Pion photoproduction of nucleon excited states with Hamiltonian effective field theory

Abstract

Over the past few years, Hamiltonian effective field theory has been successfully applied to studies of nucleon and hyperon excited states. By discretizing the Hamiltonian in a finite volume, one can obtain the energy spectrum and compare it with the results calculated from lattice QCD. Through the analysis of experimental data, Hamiltonian effective field theory provides a framework that connects the finite-volume spectra from lattice QCD to infinite-volume scattering observables. The model independence of the approach is well preserved under the combined constraints from lattice QCD and experimental data. Building on these developments, recent works have attempted to extend HEFT to electromagnetic processes. Meanwhile, lattice QCD has also gradually advanced into the study of electromagnetic interactions. The combination of these analyses will undoubtedly deepen our understanding of light resonances.

Figures (3)

• Figure 1: Tree-level diagrams for the pure electromagnetic amplitude of the $\gamma N\to \alpha$ process without FSI: (a) s channel, (b) u channel, (c) t channel, (d) the contact term. The solid, wiggly, and dashed lines represent the baryons, photons and mesons, respectively.
• Figure 2: (a) The amplitudes $E_{0+}$ in units of attometer (am) for a proton target. (b) The amplitudes $M_{1-}$ in units of attometer (am) for a proton target.
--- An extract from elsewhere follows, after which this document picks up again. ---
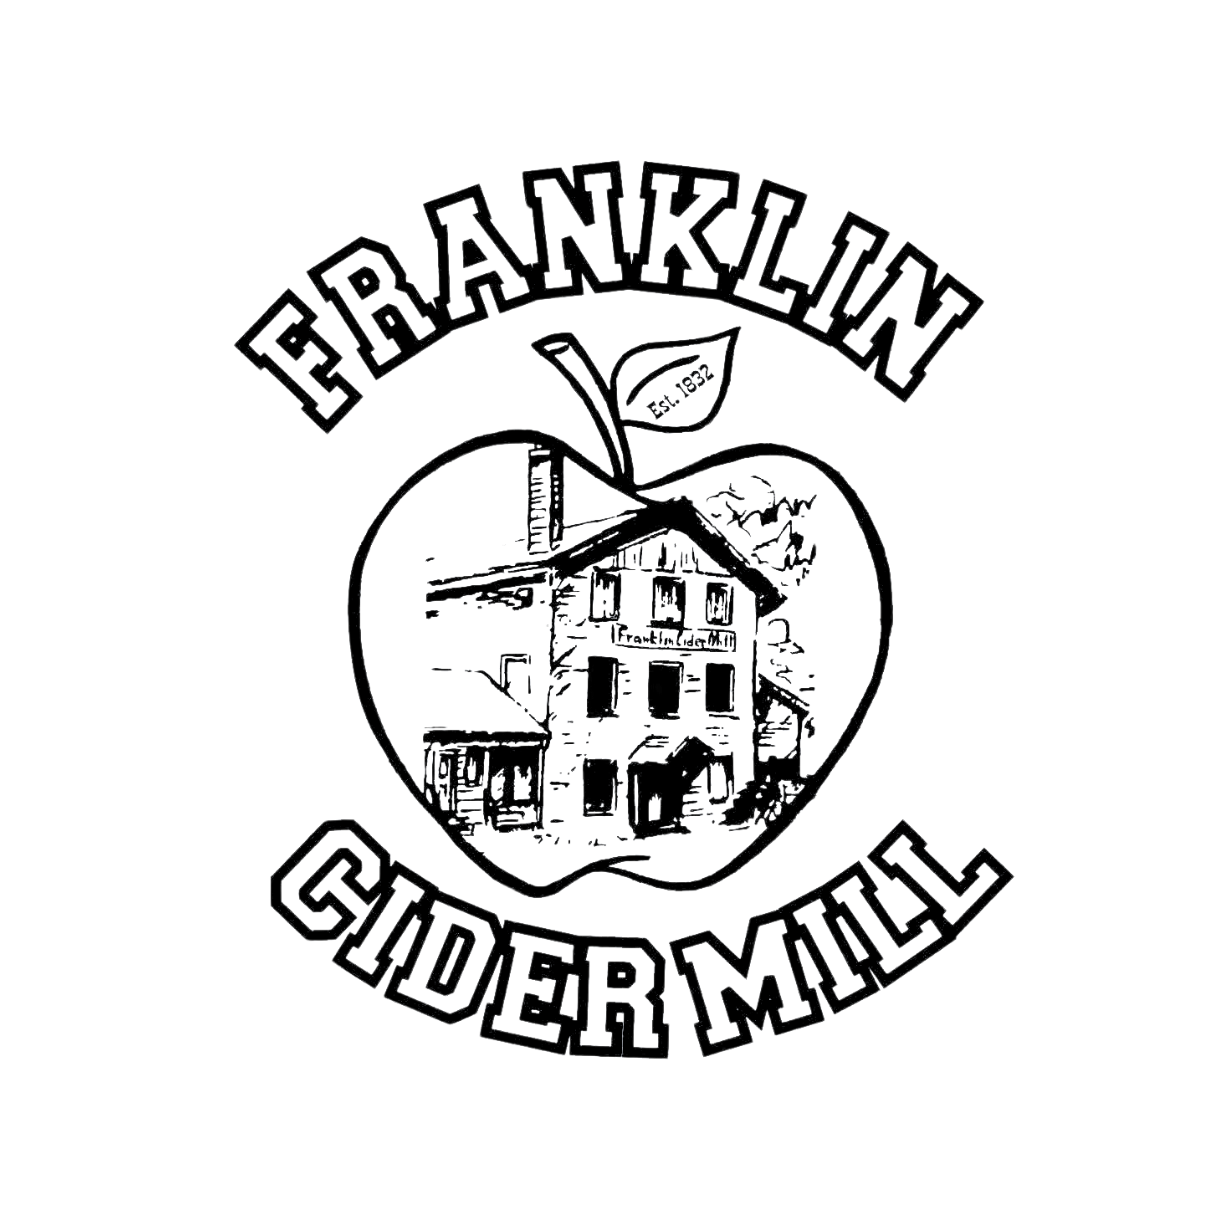 Franklin Cider Mill logo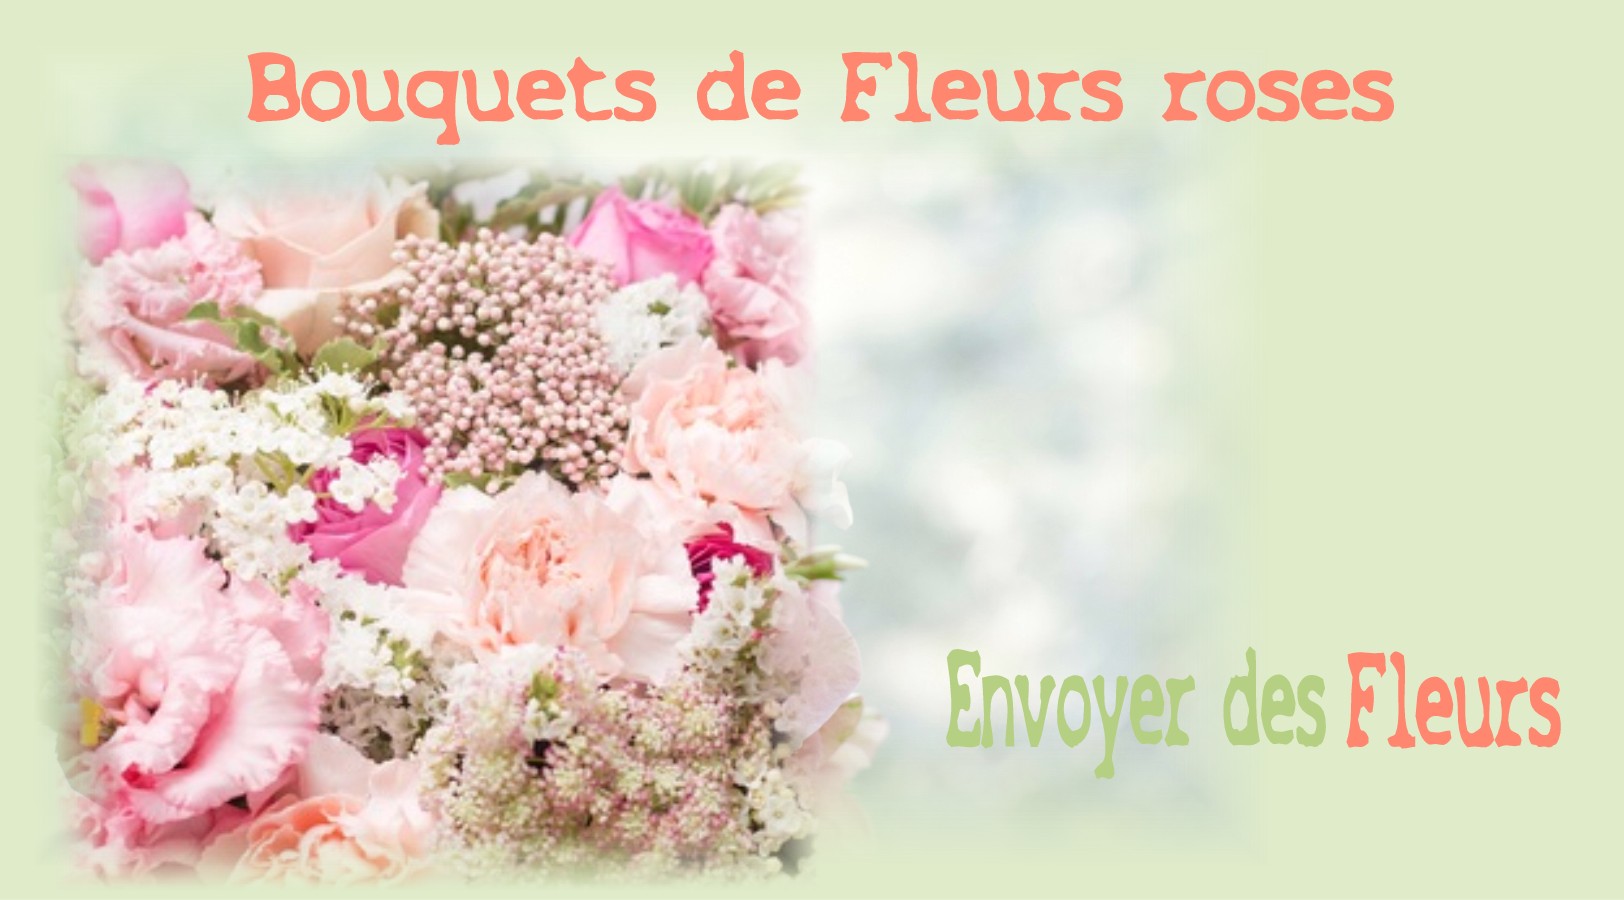 BOUQUETS DE FLEURS ROSES - FLEURISTE TOULOUSE (31) - ENVOYER DES FLEURS

The data points are from SAID. The solid and dashed lines refer to the cases whether turning on or off the electromagnetic transition couplings between the bare nucleon resonances and nucleons, respectively.
• Figure 3: The multipole amplitude $E_{0+}$ (in attometers, am) at the $\pi N$ threshold with the isospin $I_{\pi N}=1/2$. The data points are from lattice QCD simulations Gao:2025loz, and the red dashed line represent the extended results with HEFT.